In the preoperative area, I reexamine the patient and answer any last-minute questions. The nurse then moves the Athlete to the operative suite. Anesthesia consists of a nerve block and sedation. Though if requested, general anesthesia is an option.
- A skin crease incision is made between the internal and external inguinal rings.
- The subcutaneous tissues are divided.
- The superficial epigastric vein is ligated if necessary.
- The external oblique fascia is identified and followed inferiorly and medially to the external inguinal ring.
- The external oblique is usually torn and separated along its fibers, starting at the superior lateral border of the external ring. If necessary, this tear is extended superiorly and laterally to the level of the internal ring. The spermatic cord (the round ligament in women) is just deep to the external oblique. The spermatic cord is circumferentially dissected free at the level of the pubis. A Penrose drain is looped around the spermatic cord. The spermatic cord is then freed back to the level of the internal inguinal ring.
- The spermatic cord is explored. If there is an indirect inguinal hernia sac present, then this is separated from the cord, and a high ligation is performed.
- Using the Penrose drain, the spermatic cord is retracted inferiorly out of the operative field. The inguinal floor can then be inspected. The floor of the inguinal canal is usually thin and torn.

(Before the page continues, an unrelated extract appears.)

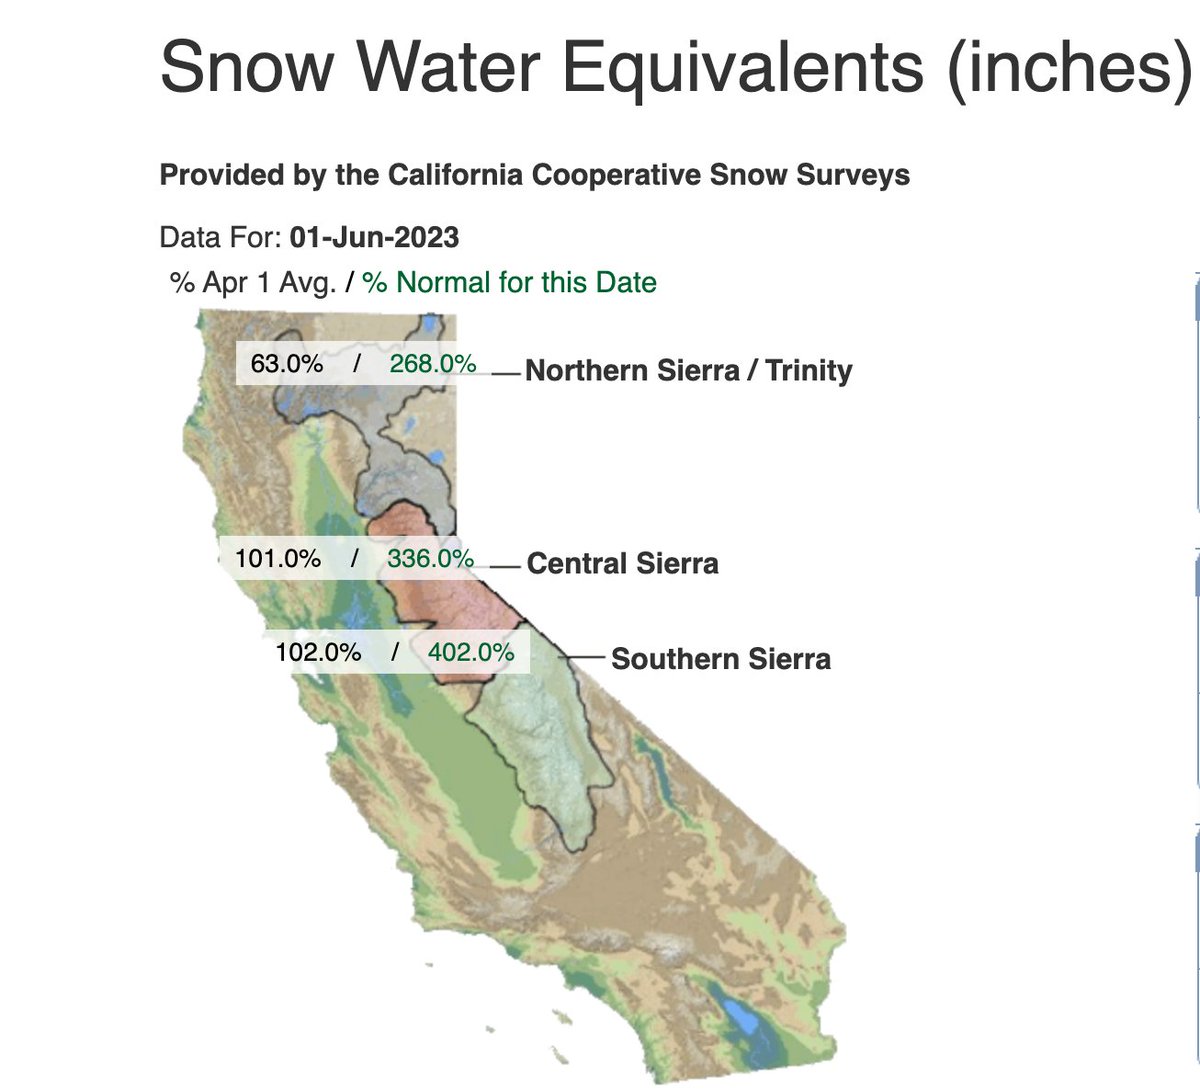 Exactly two months past April 1, Southern California is at 102% snowpack for the 4/1 average. #snowpack #cawx
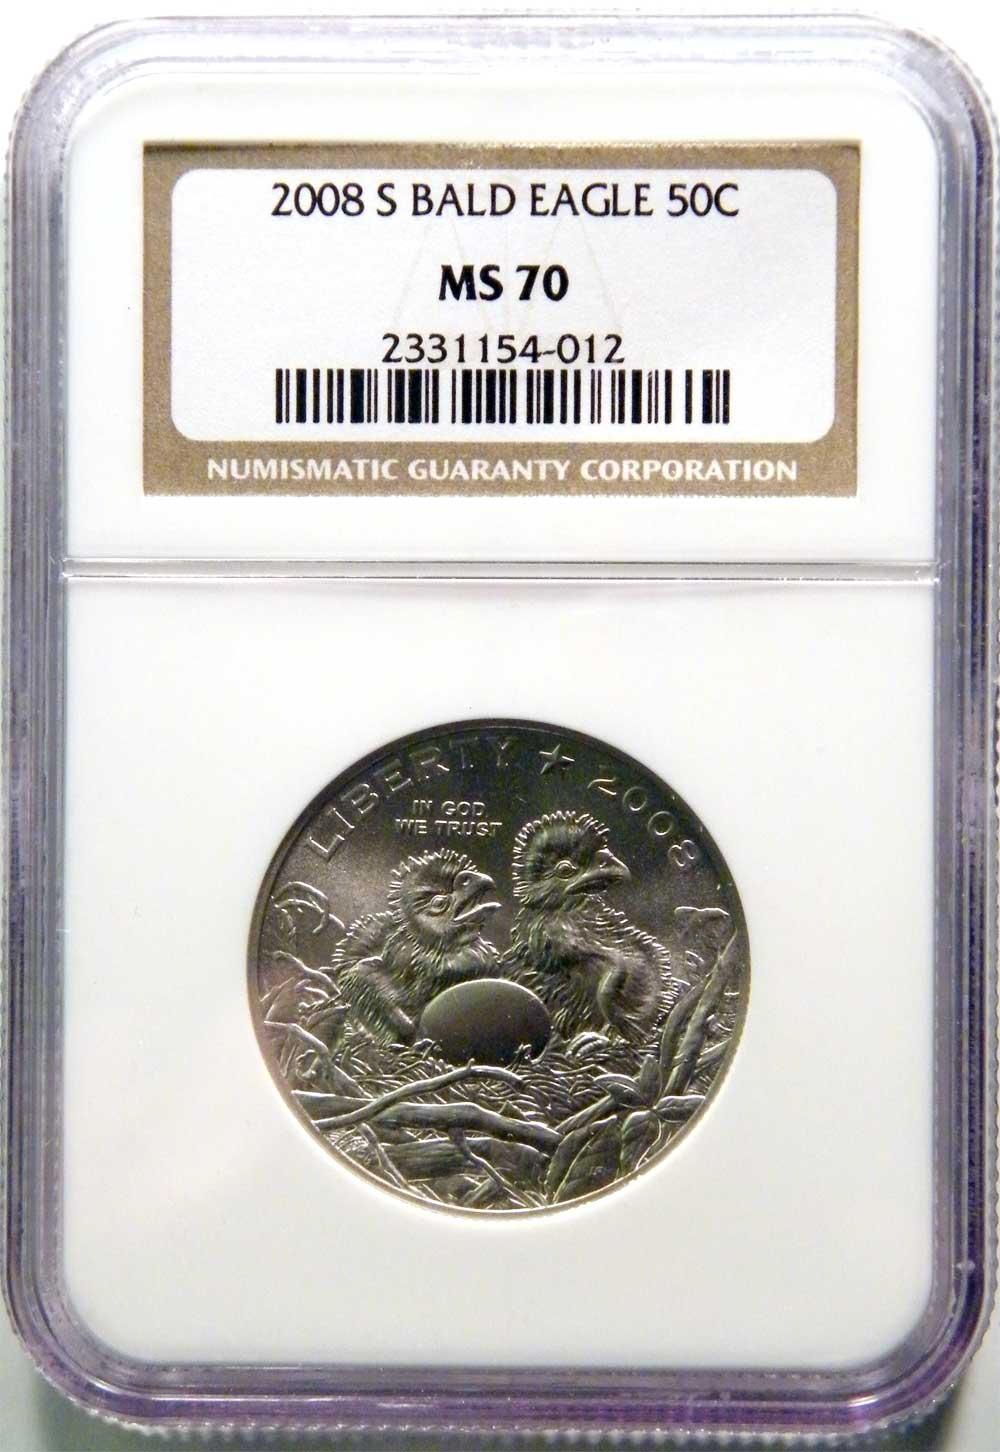 2008-S Bald Eagle Commemorative Uncirculated Half Dollar in NGC MS 70

- The inguinal floor is reconstructed by suturing the aponeurosis of transversus abdominis muscle to Poupart’s ligament using interrupted sutures. The sutures dissolve with time. Any redundancy of the internal inguinal ring is repaired. The conjoined tendon is reconstructed at the same time.
- Next, the inferior leaf of the external oblique fascia and the superior left of the external oblique are overlapped. The imbrication completely closes the external inguinal ring at its usual position. This closure reinforces this region and decreases the recurrence rate.
- The spermatic cord is left in the subcutaneous tissues.
- The subcutaneous fascia and skin are closed with absorbable sutures.